> Input data
=== Begin Enclosure ===
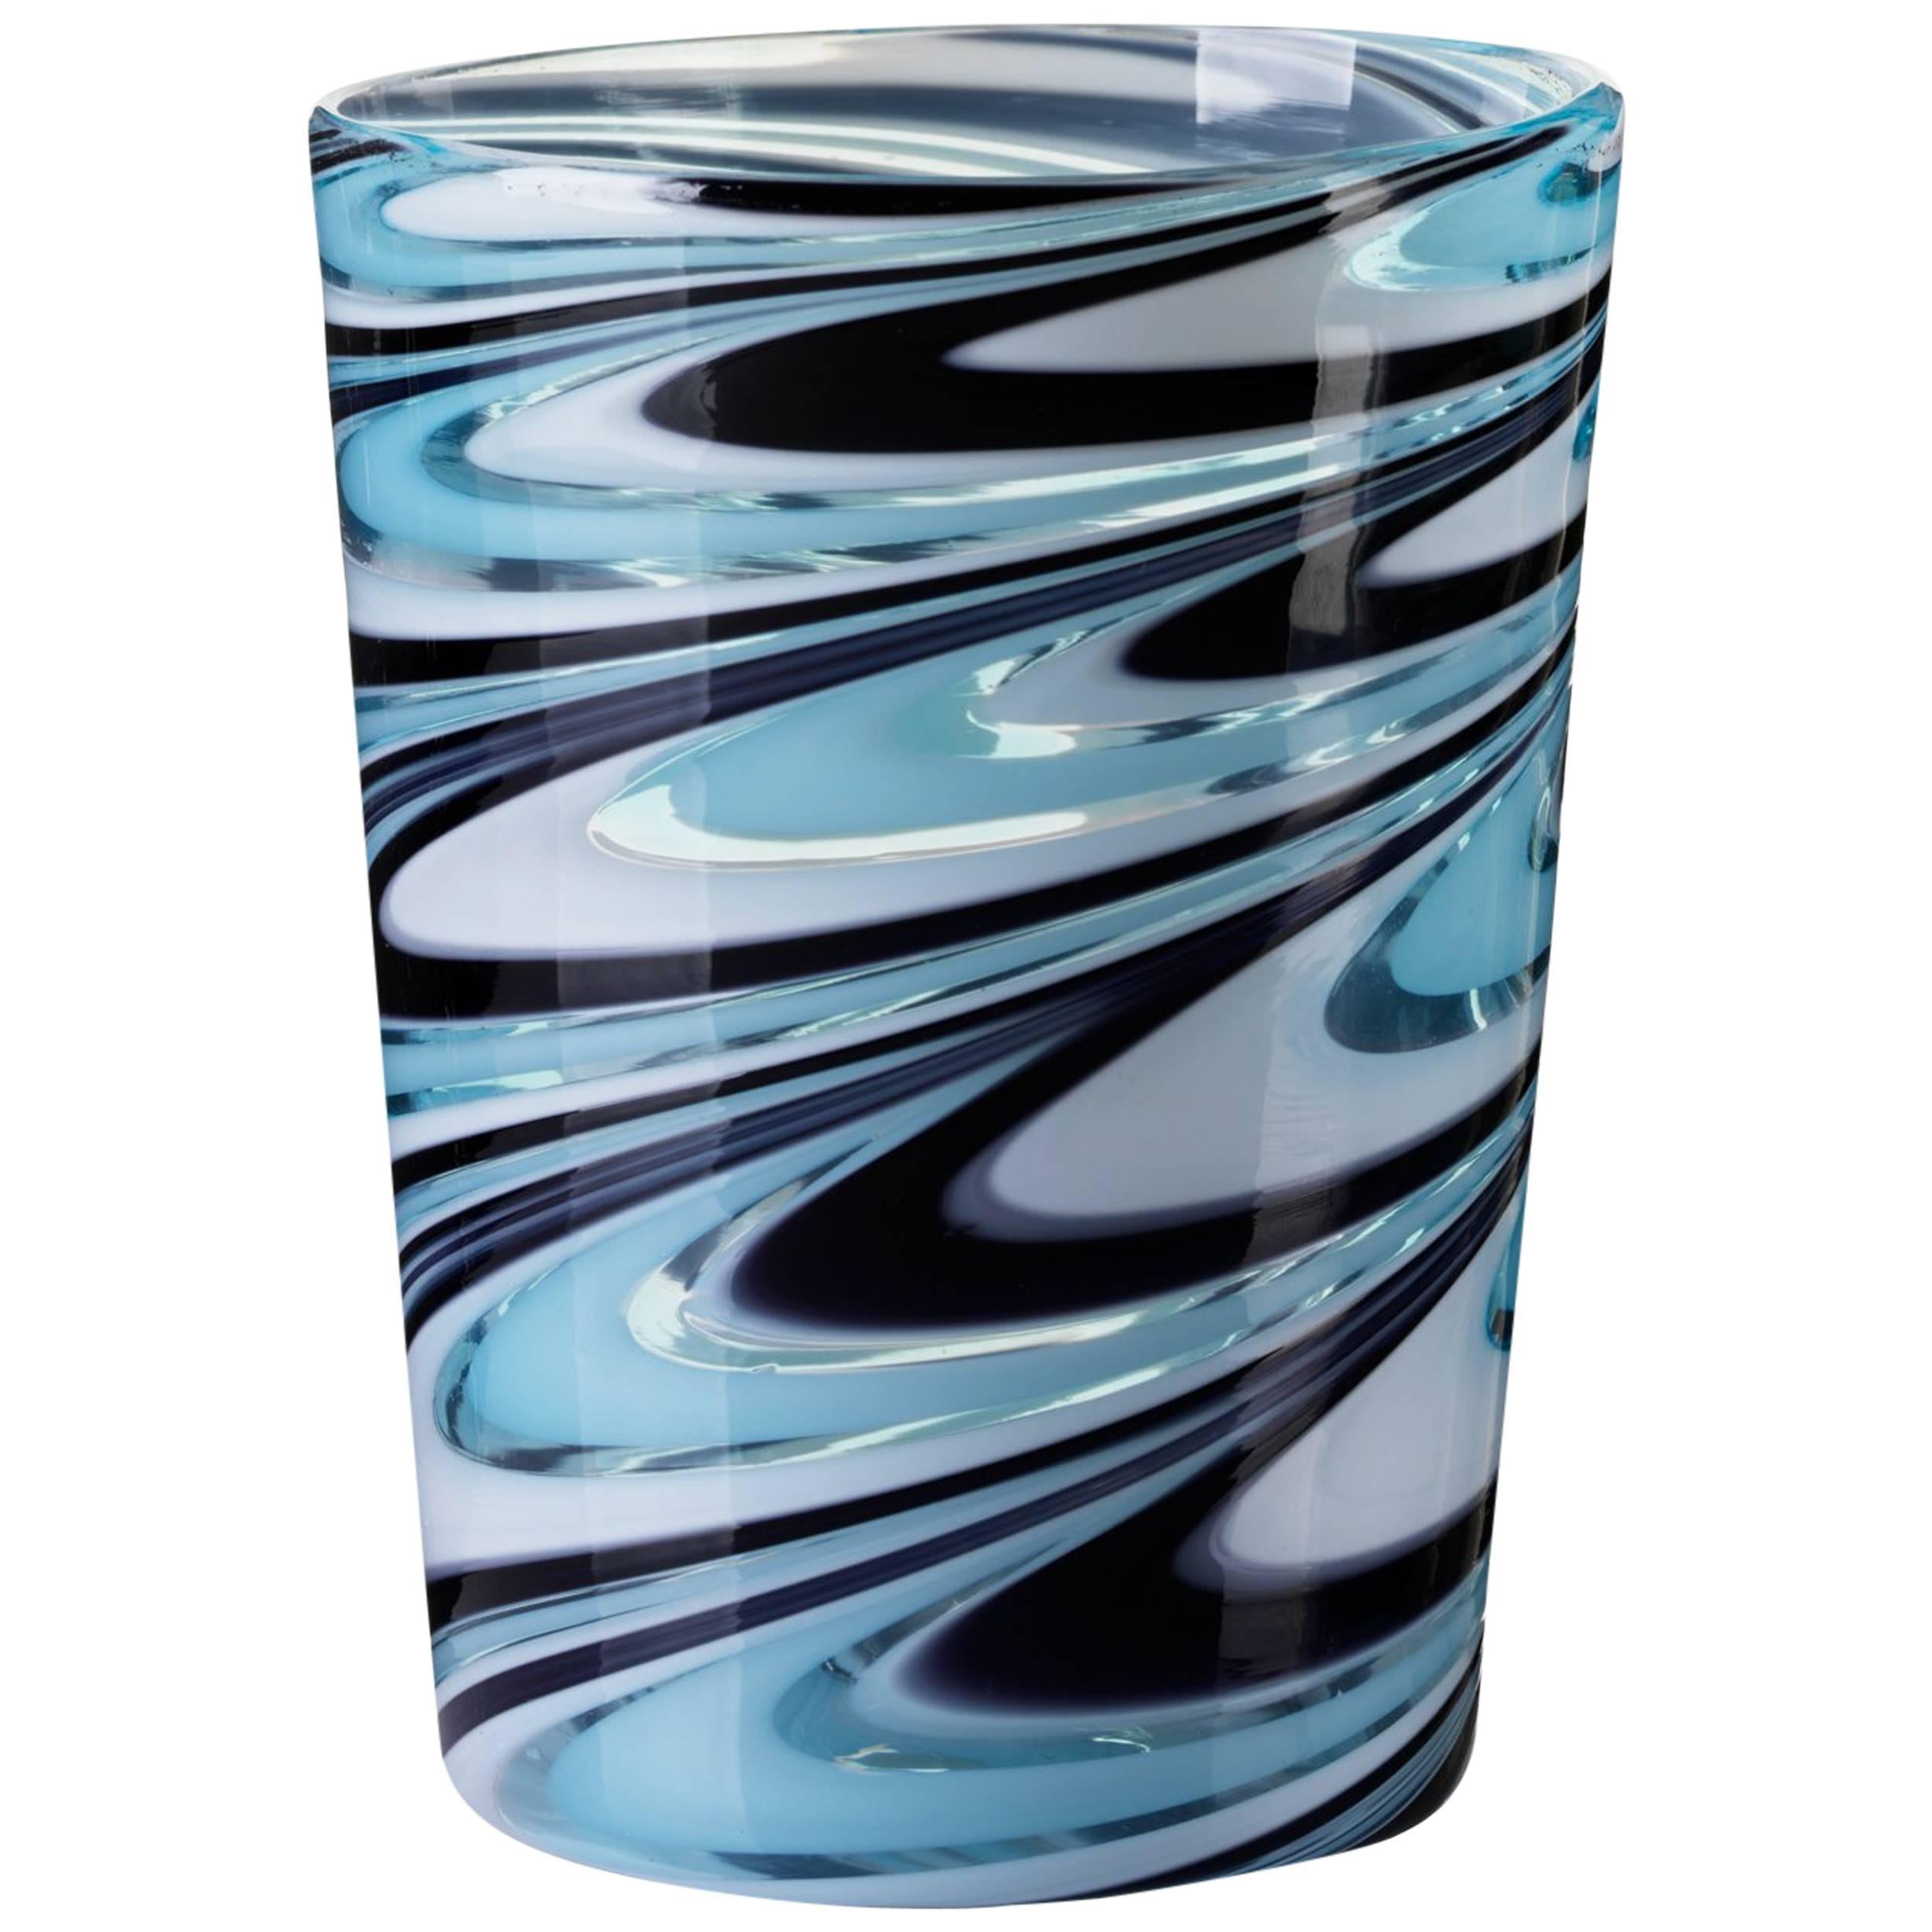 Fenice tumbler, set of two

This tumbler is handcrafted in Venice by Laguna B exclusively for Cabana. 
They are all hand blown in Murano, Venice. Each item corresponds to two glasses. You can order as many items as desired.
=== End Enclosure ===
> Try it
Output the full material above exactly, leaving every picture out.

> Solution
 Fenice tumbler, set of two

This tumbler is handcrafted in Venice by Laguna B exclusively for Cabana. 
They are all hand blown in Murano, Venice. Each item corresponds to two glasses. You can order as many items as desired.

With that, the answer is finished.